→ **PROBLEM STATEMENT**
Please give back the listing below word for word and drop any images.

→ **PROVIDED MATERIAL**
════════
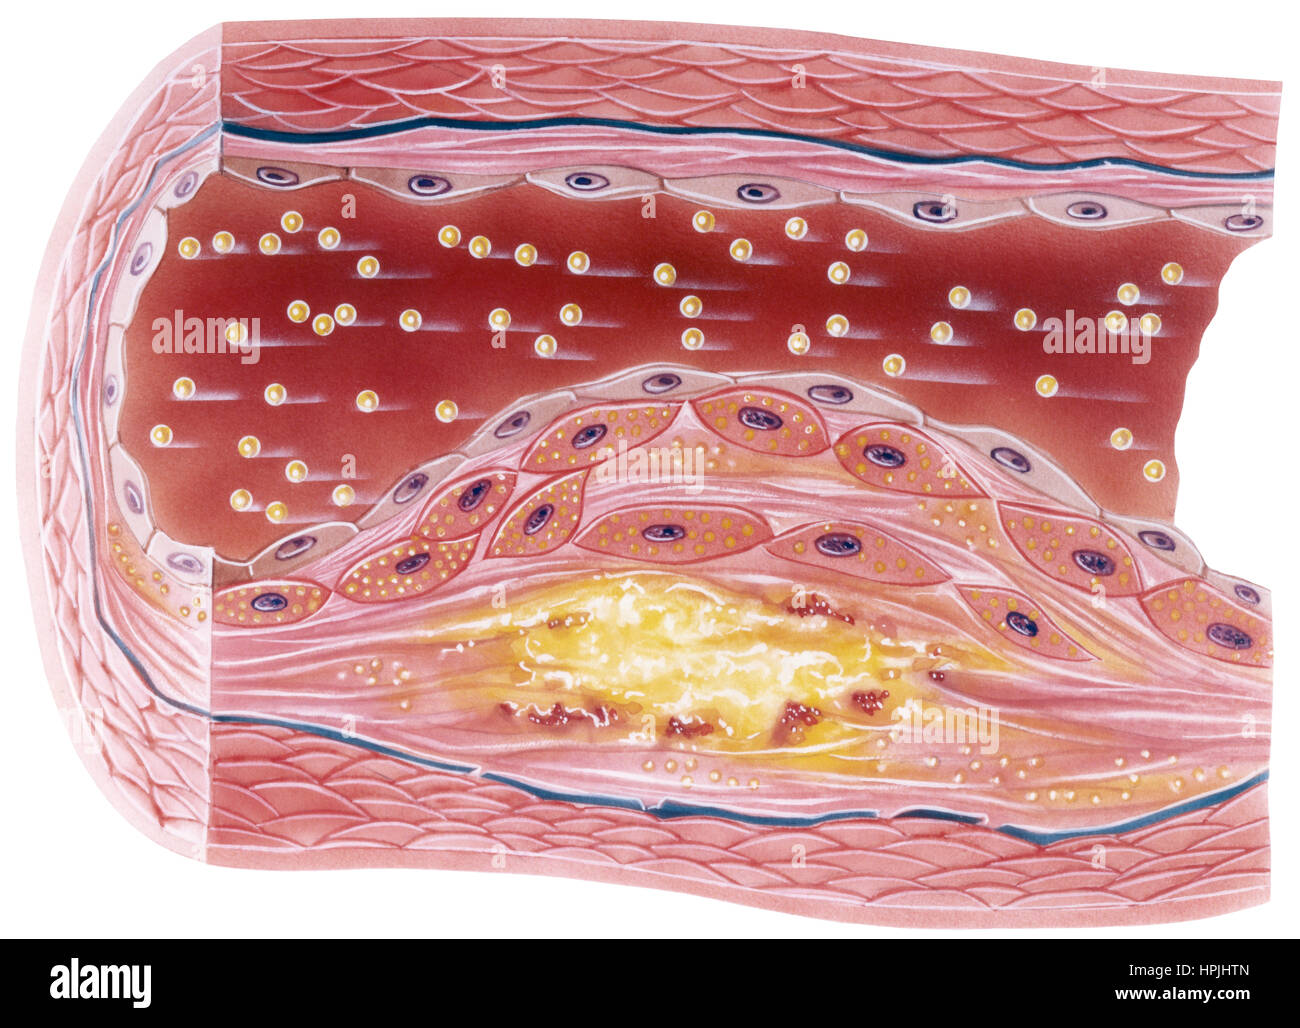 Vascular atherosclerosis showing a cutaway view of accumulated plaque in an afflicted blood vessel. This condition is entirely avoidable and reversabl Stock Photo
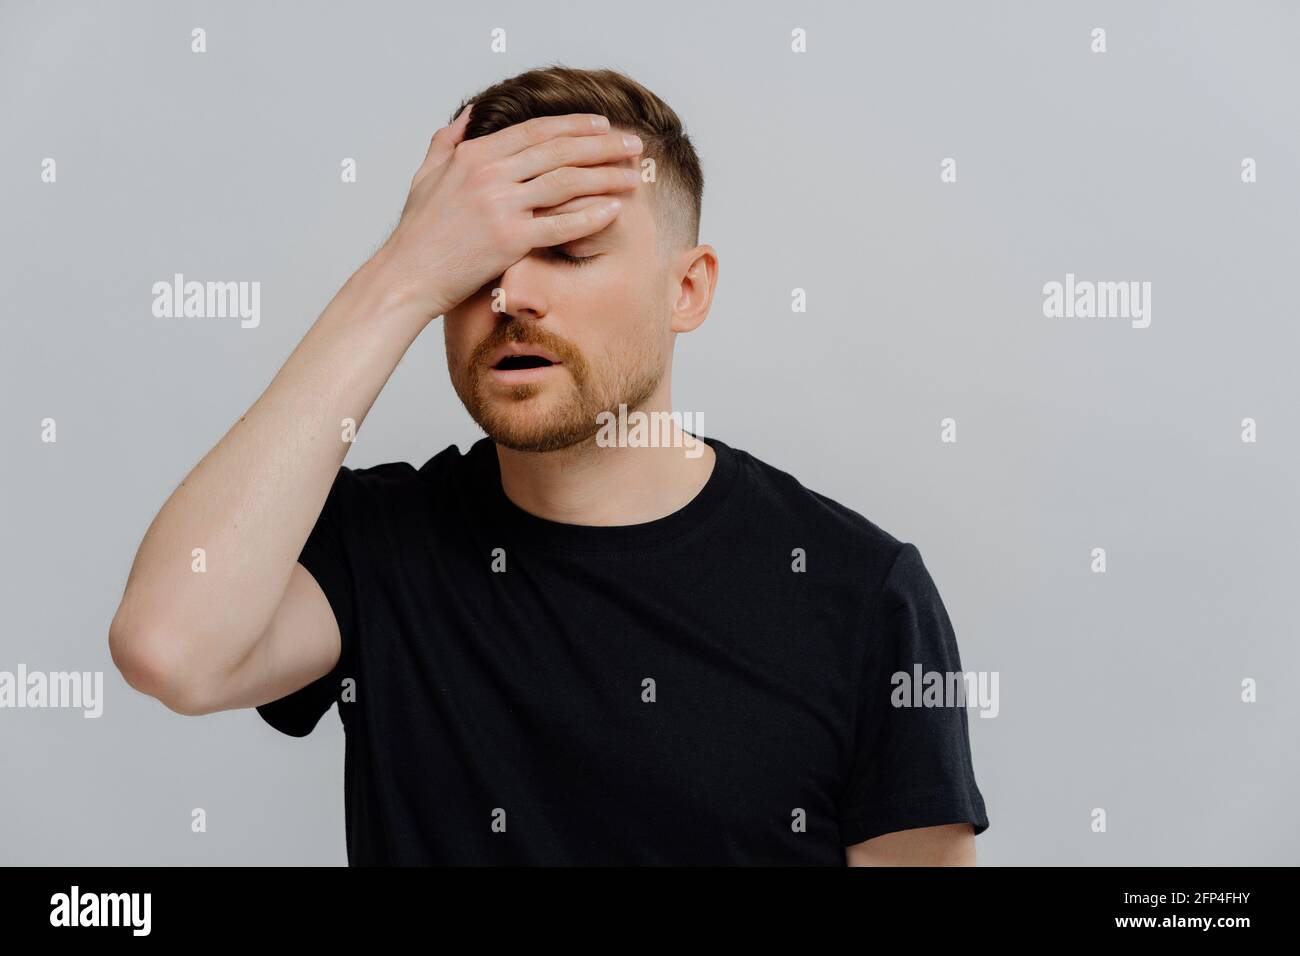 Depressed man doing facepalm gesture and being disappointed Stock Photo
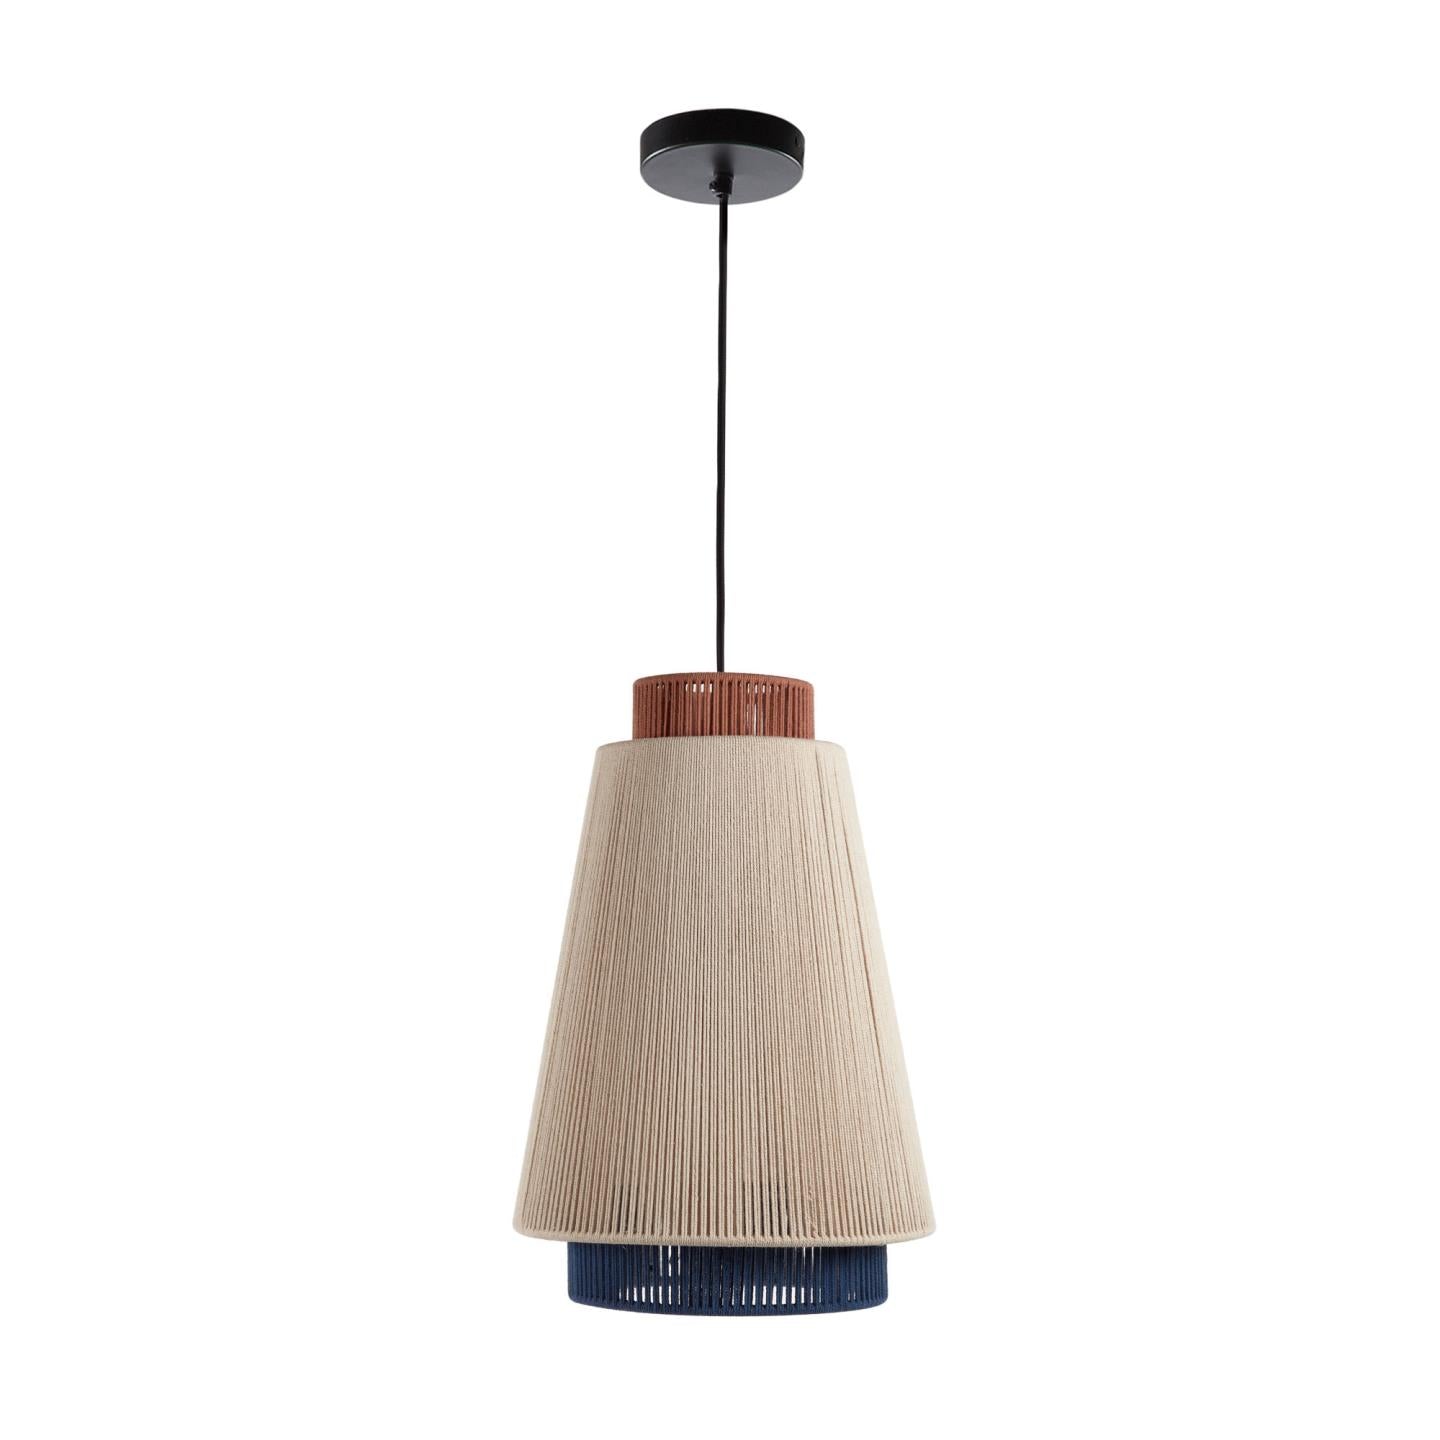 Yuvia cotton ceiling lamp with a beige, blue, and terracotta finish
════════
→ **RESPONSE TO THE TASK**
 Vascular atherosclerosis showing a cutaway view of accumulated plaque in an afflicted blood vessel. This condition is entirely avoidable and reversabl Stock Photo
 Depressed man doing facepalm gesture and being disappointed Stock Photo
 Yuvia cotton ceiling lamp with a beige, blue, and terracotta finish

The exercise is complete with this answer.